The line with "Glazed Rare Islamic" marks the start; please set it down along with all later lines through the end of the material, exactly, leaving out pictures.

### THE DATA
+===+
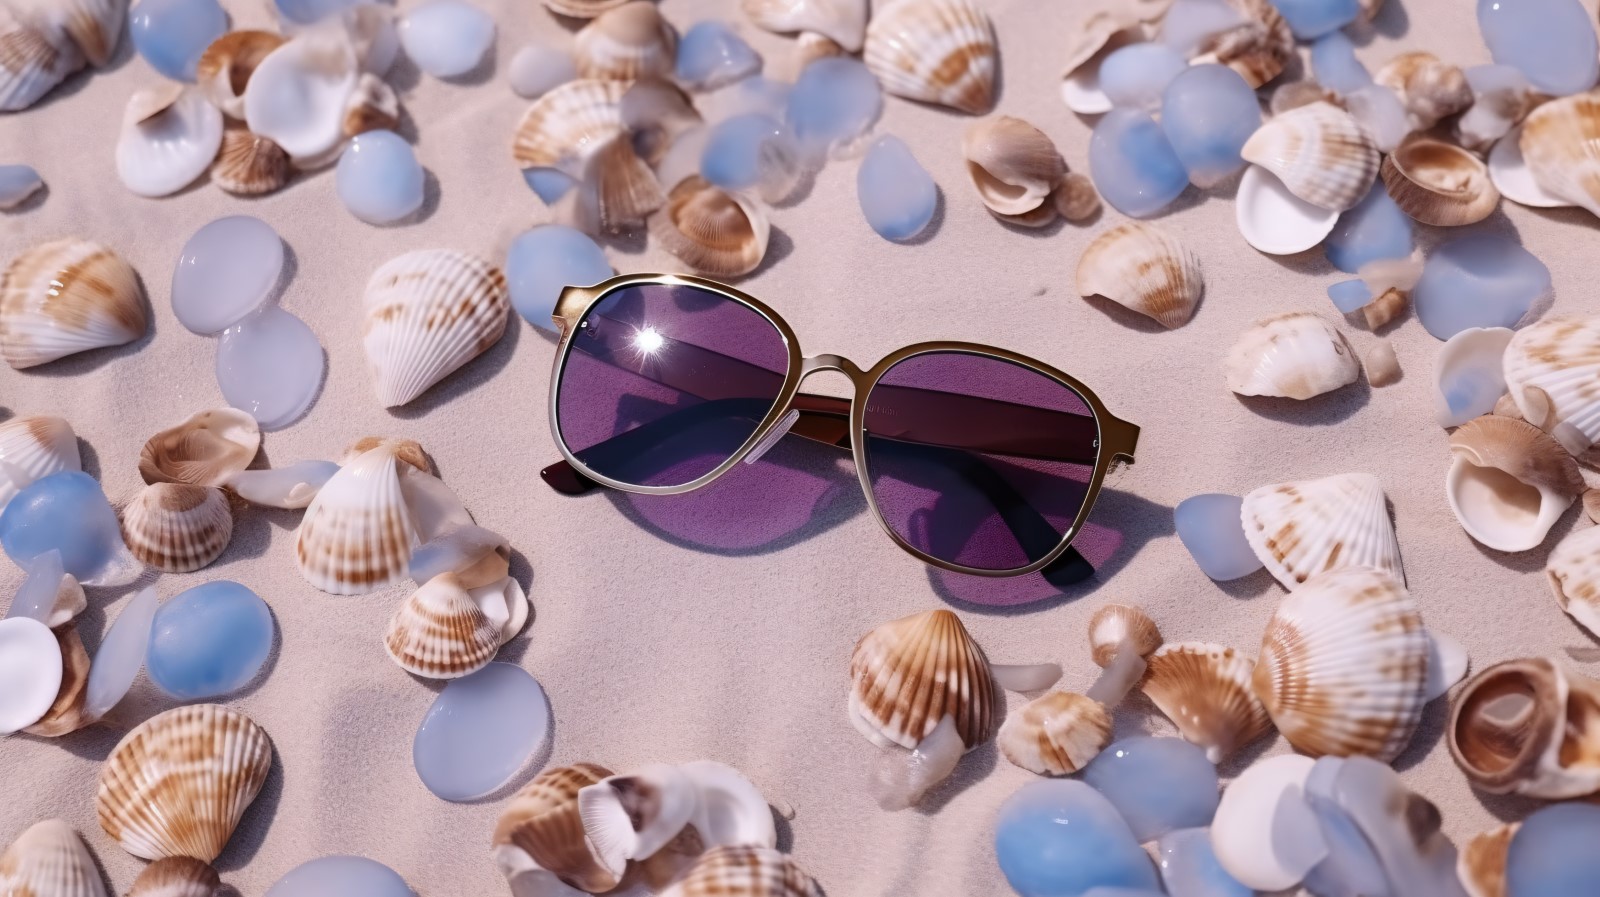 Sunglasses seashells and beach accessories on sandy beach 189
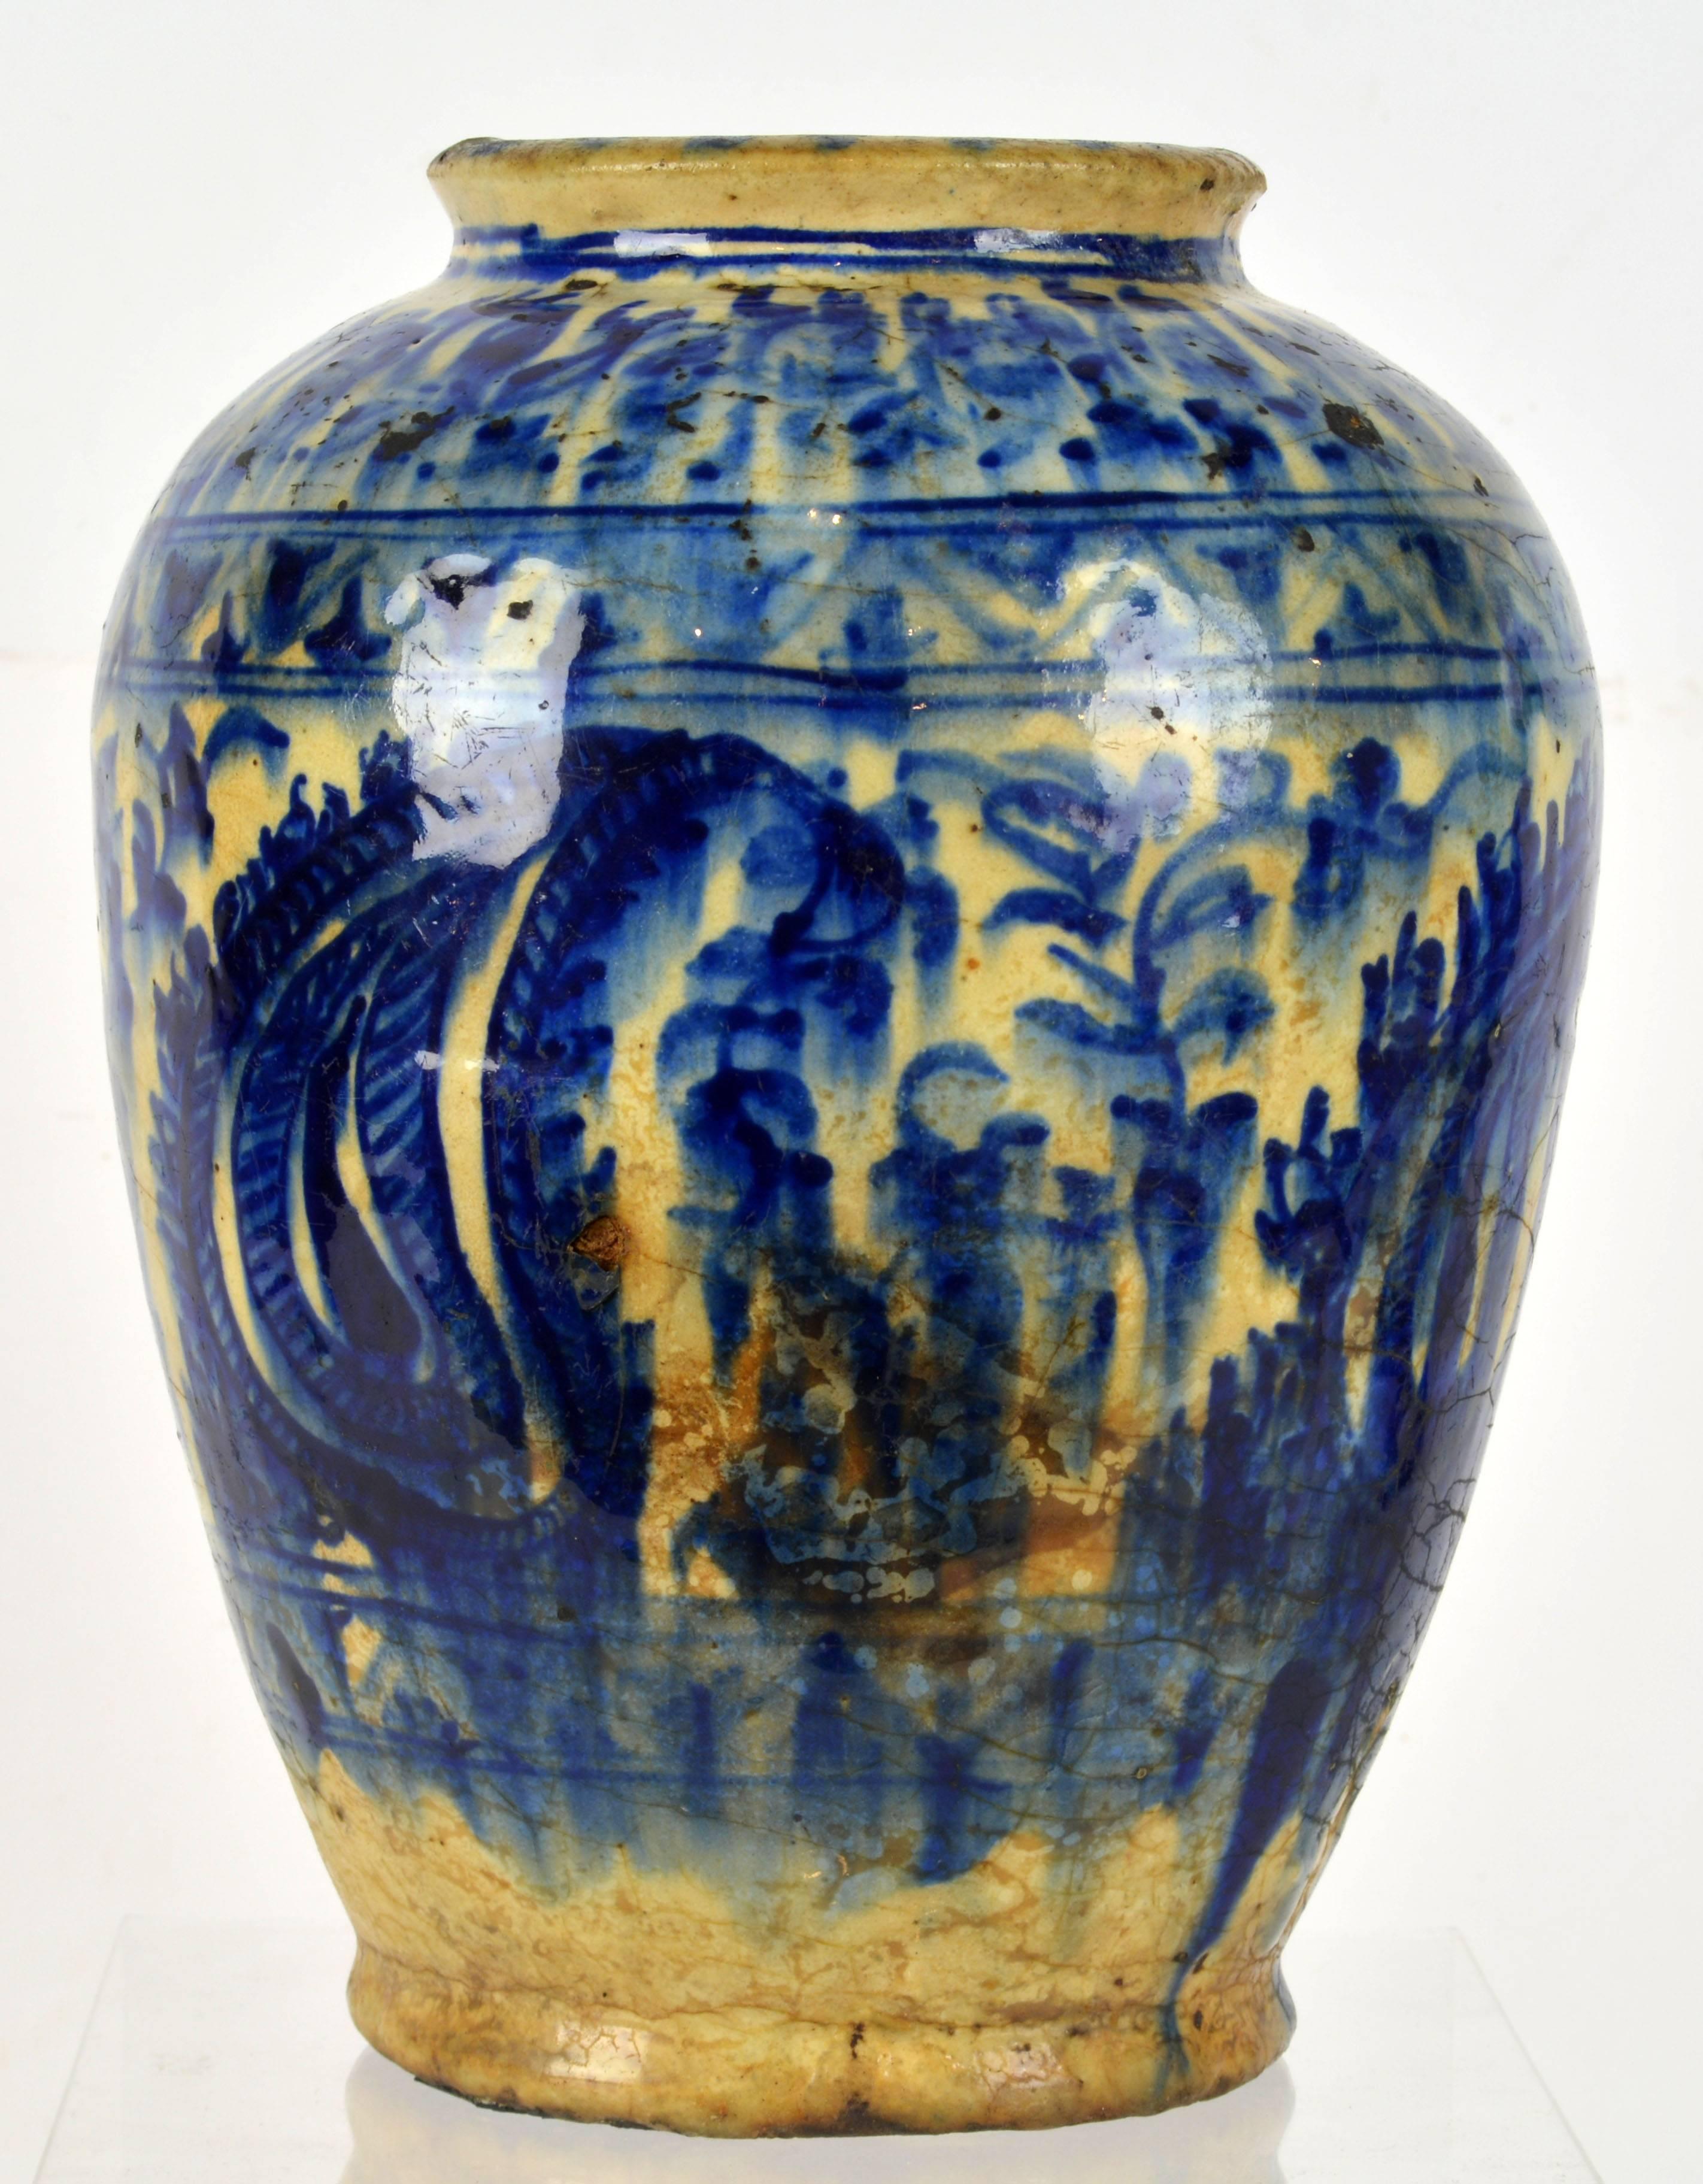 Glazed Rare Islamic Mamluk Period 16th Century Likely Syrian Blue and White Ceramic Jar
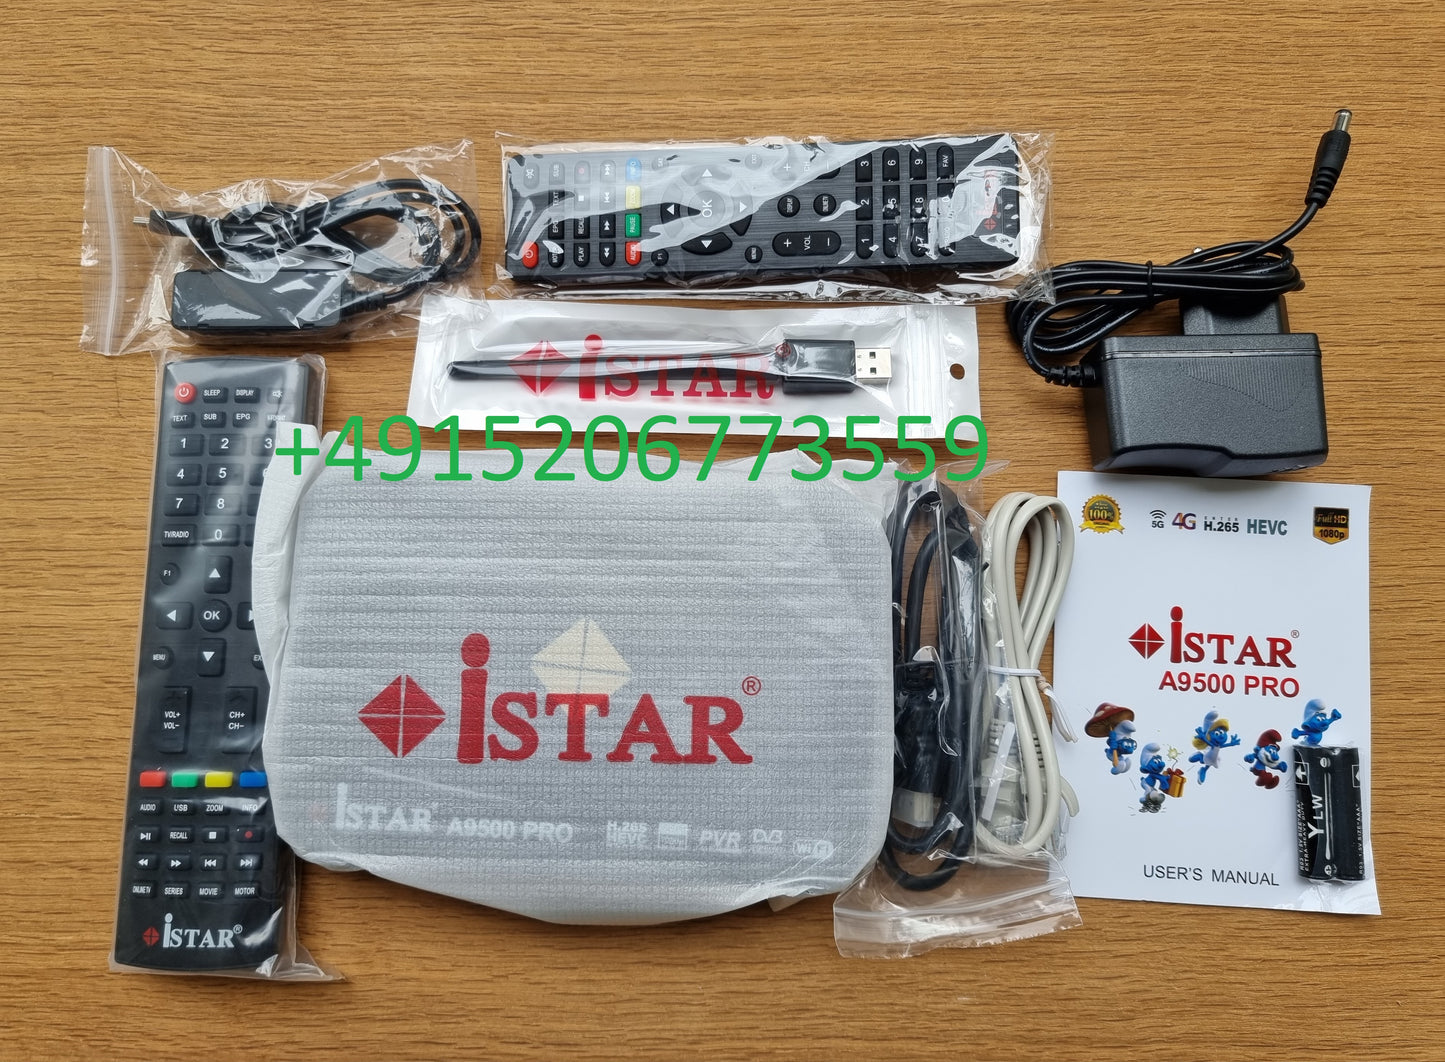 iStar A9500 Pro HD FHD TV BOX Sat Receiver OnlineTV Online TV Digital Box a 9500 pro tvbox satellit satellite
+===+
### EXPECTED OUTPUT
 Glazed Rare Islamic Mamluk Period 16th Century Likely Syrian Blue and White Ceramic Jar
 iStar A9500 Pro HD FHD TV BOX Sat Receiver OnlineTV Online TV Digital Box a 9500 pro tvbox satellit satellite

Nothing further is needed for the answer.